• [Problem requirements]:
For the data below, retype word for word the lines from the one containing "Обложка для автодокументов" through the one containing "Topseeka рюкзак отзывы"; drop the pictures.

• [Information shown]:
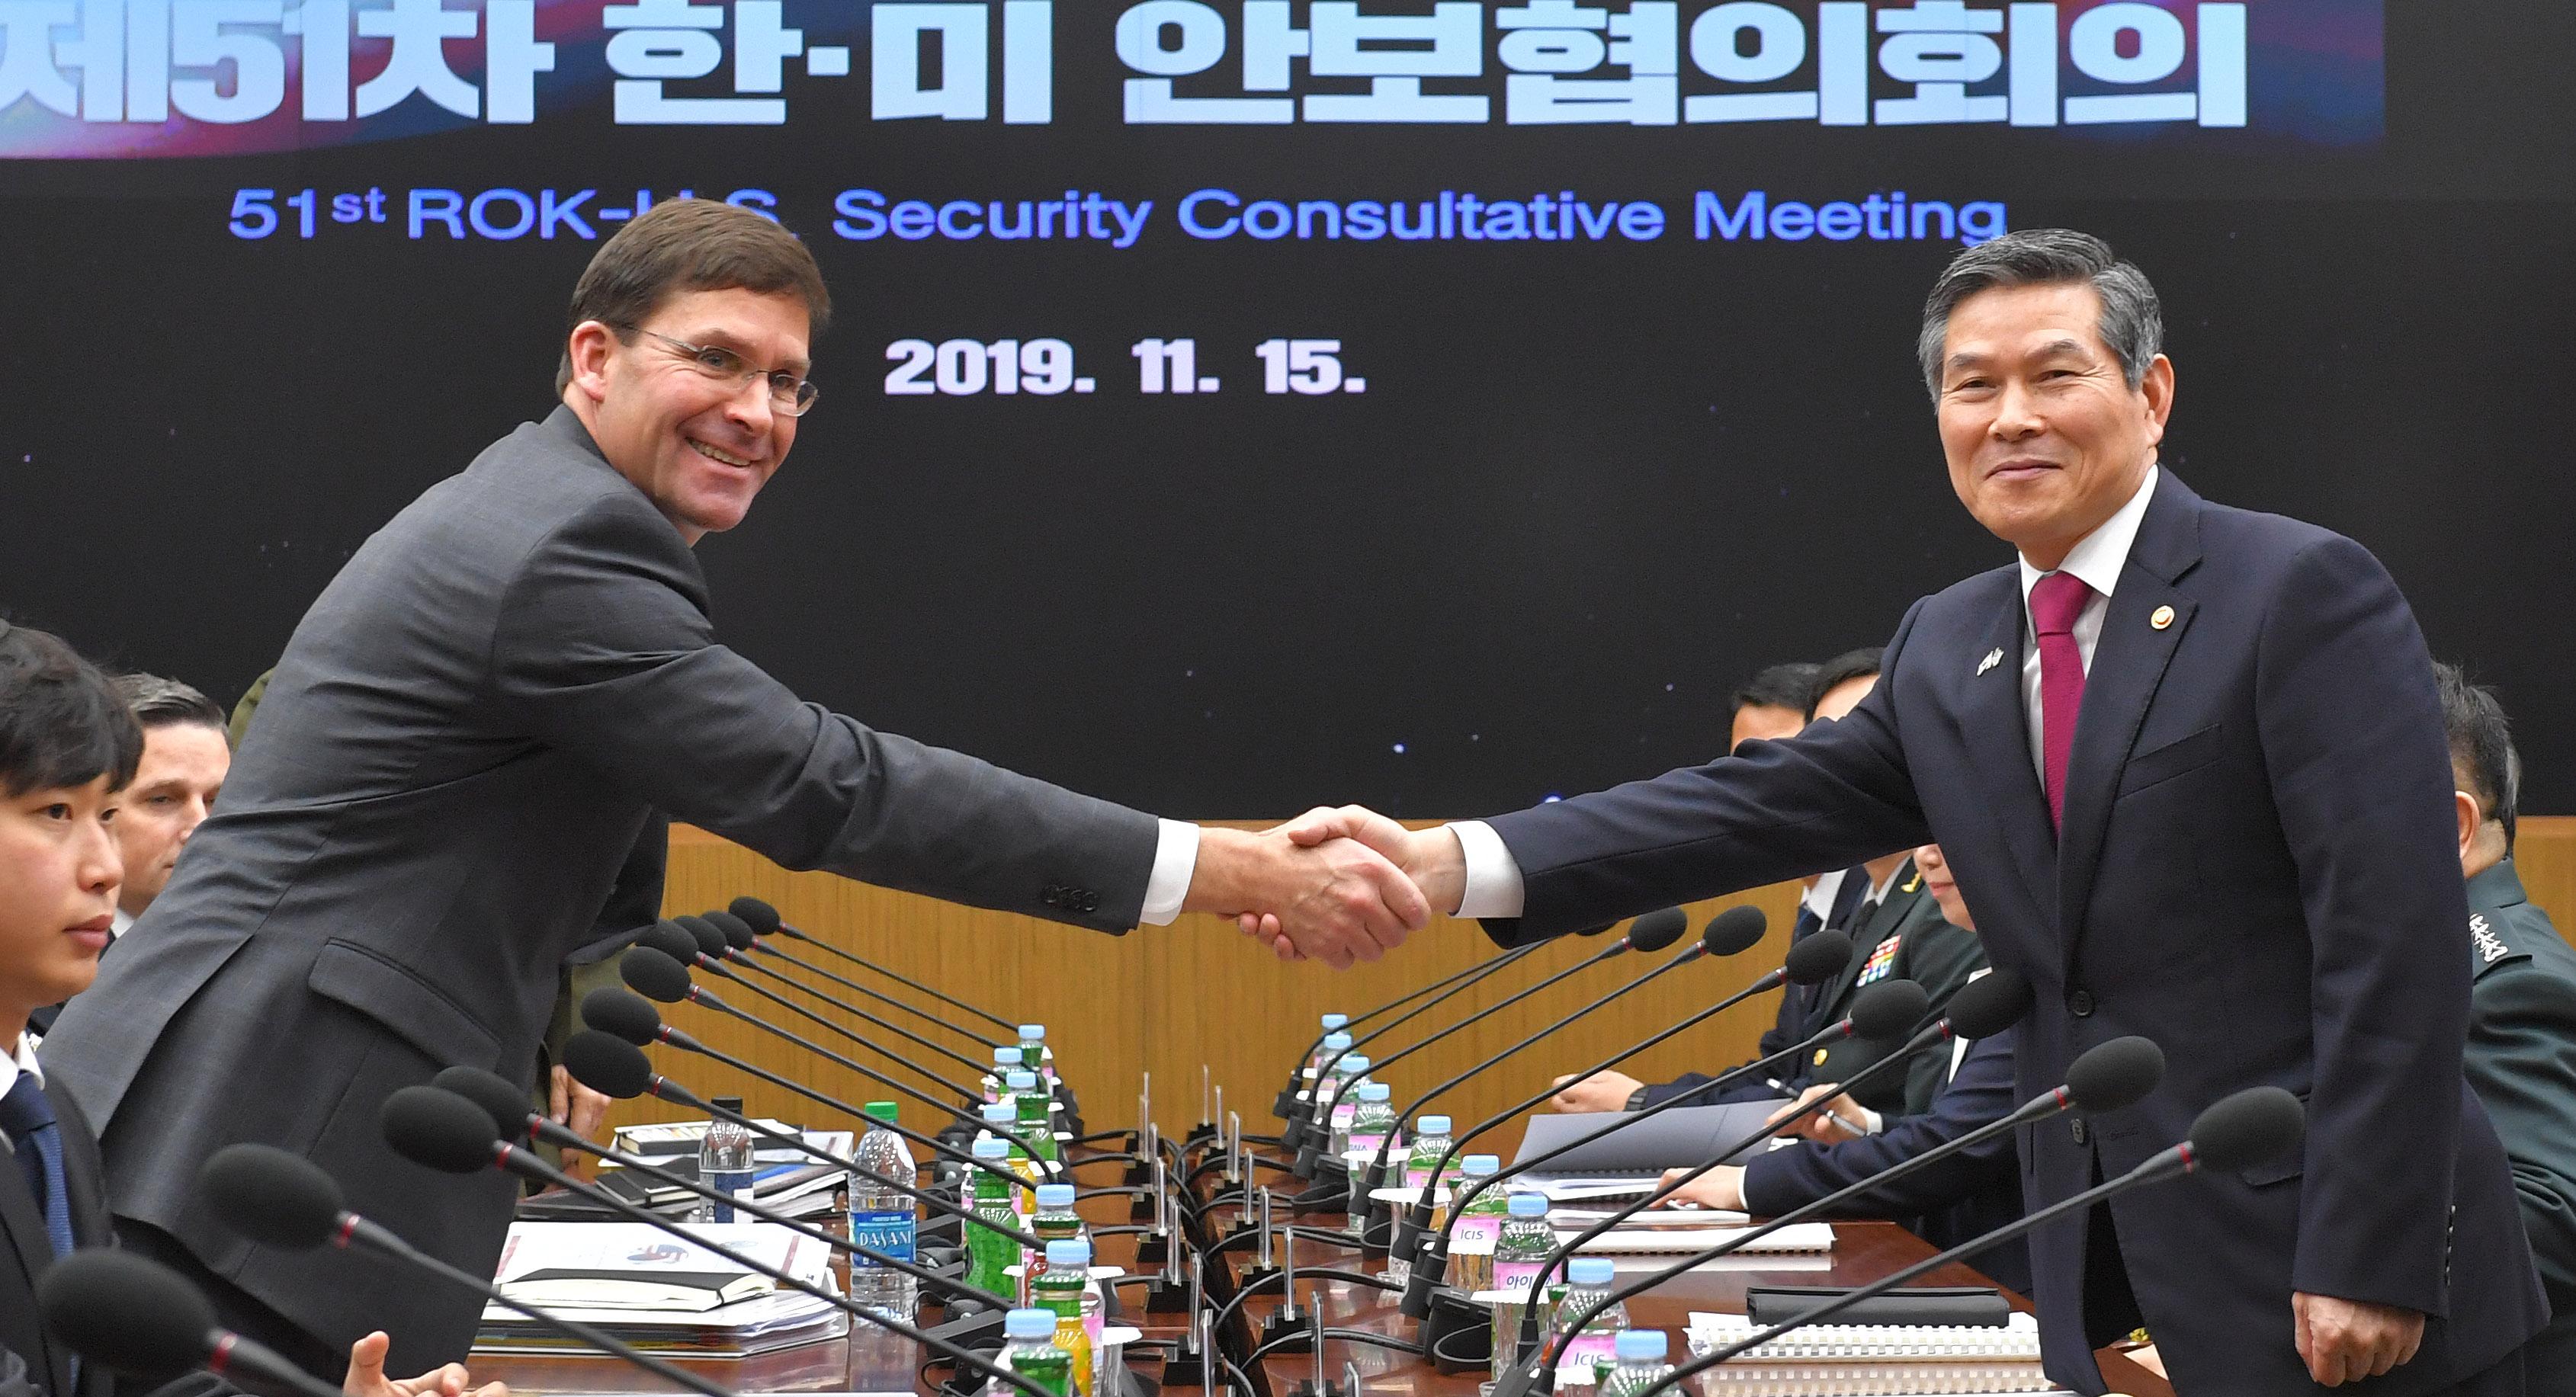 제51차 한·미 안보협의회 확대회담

==

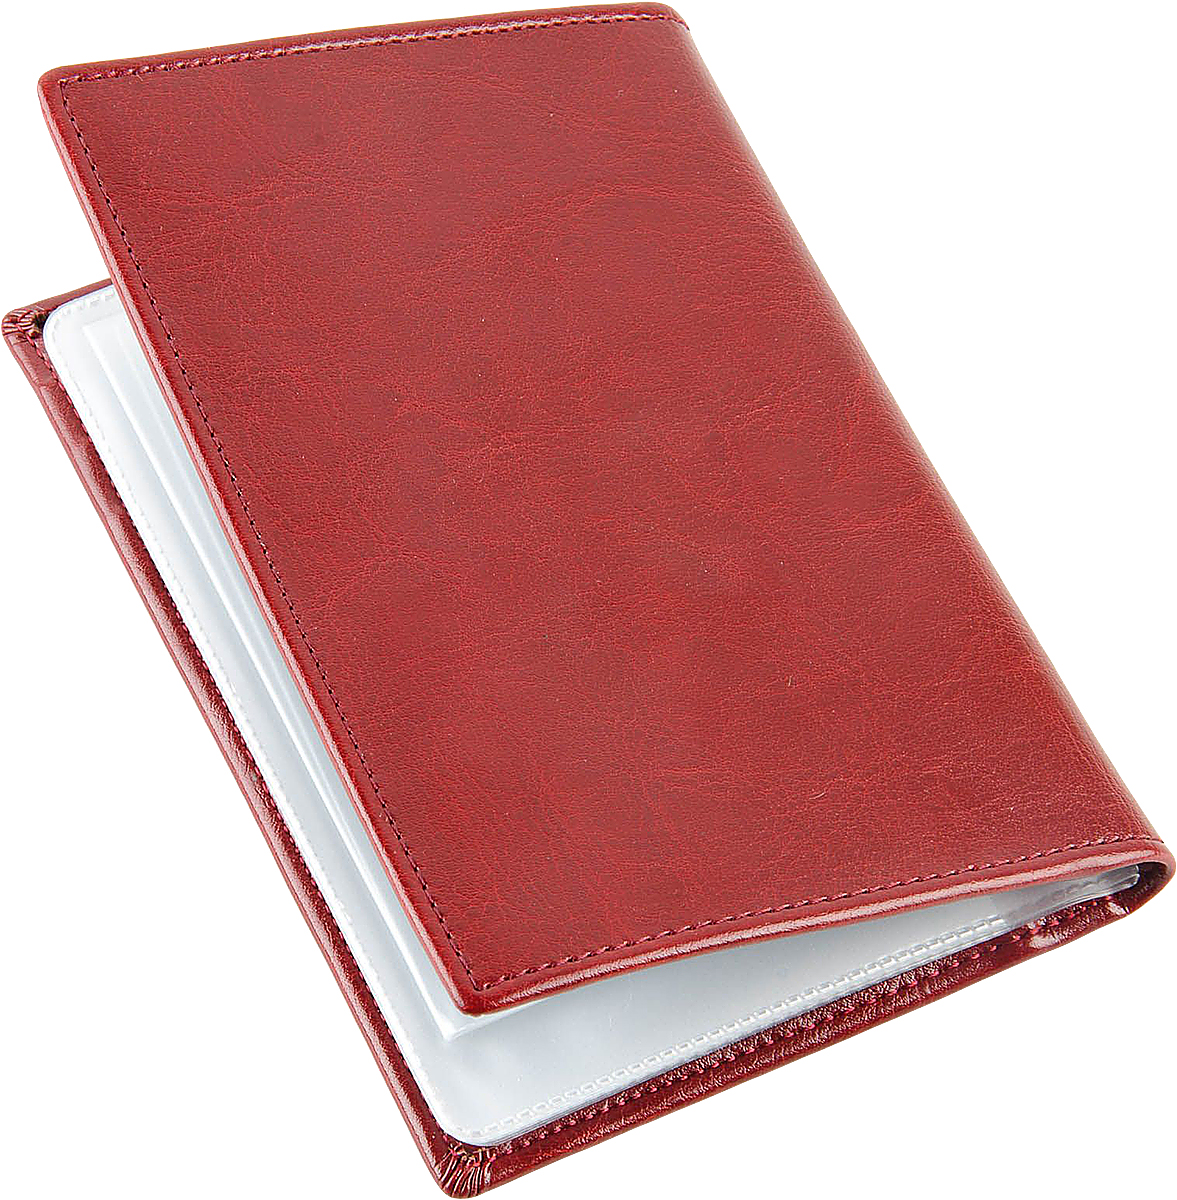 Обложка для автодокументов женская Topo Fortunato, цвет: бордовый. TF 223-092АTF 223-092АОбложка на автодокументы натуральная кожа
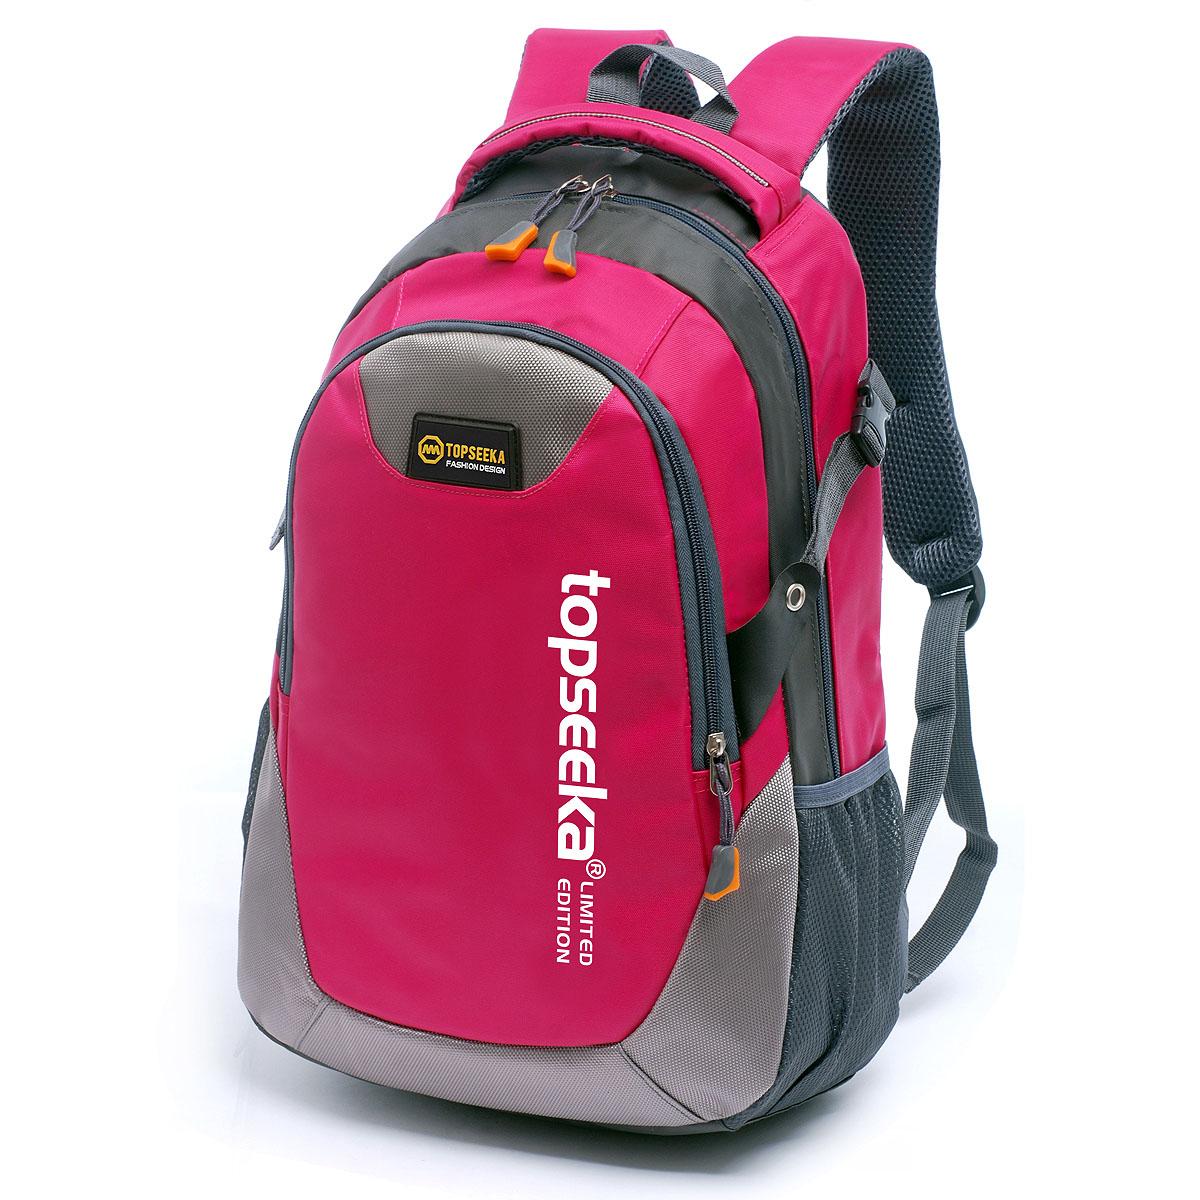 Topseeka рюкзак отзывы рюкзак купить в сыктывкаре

• [Solution to this exercise]:
 Обложка для автодокументов женская Topo Fortunato, цвет: бордовый. TF 223-092АTF 223-092АОбложка на автодокументы натуральная кожа
 Topseeka рюкзак отзывы рюкзак купить в сыктывкаре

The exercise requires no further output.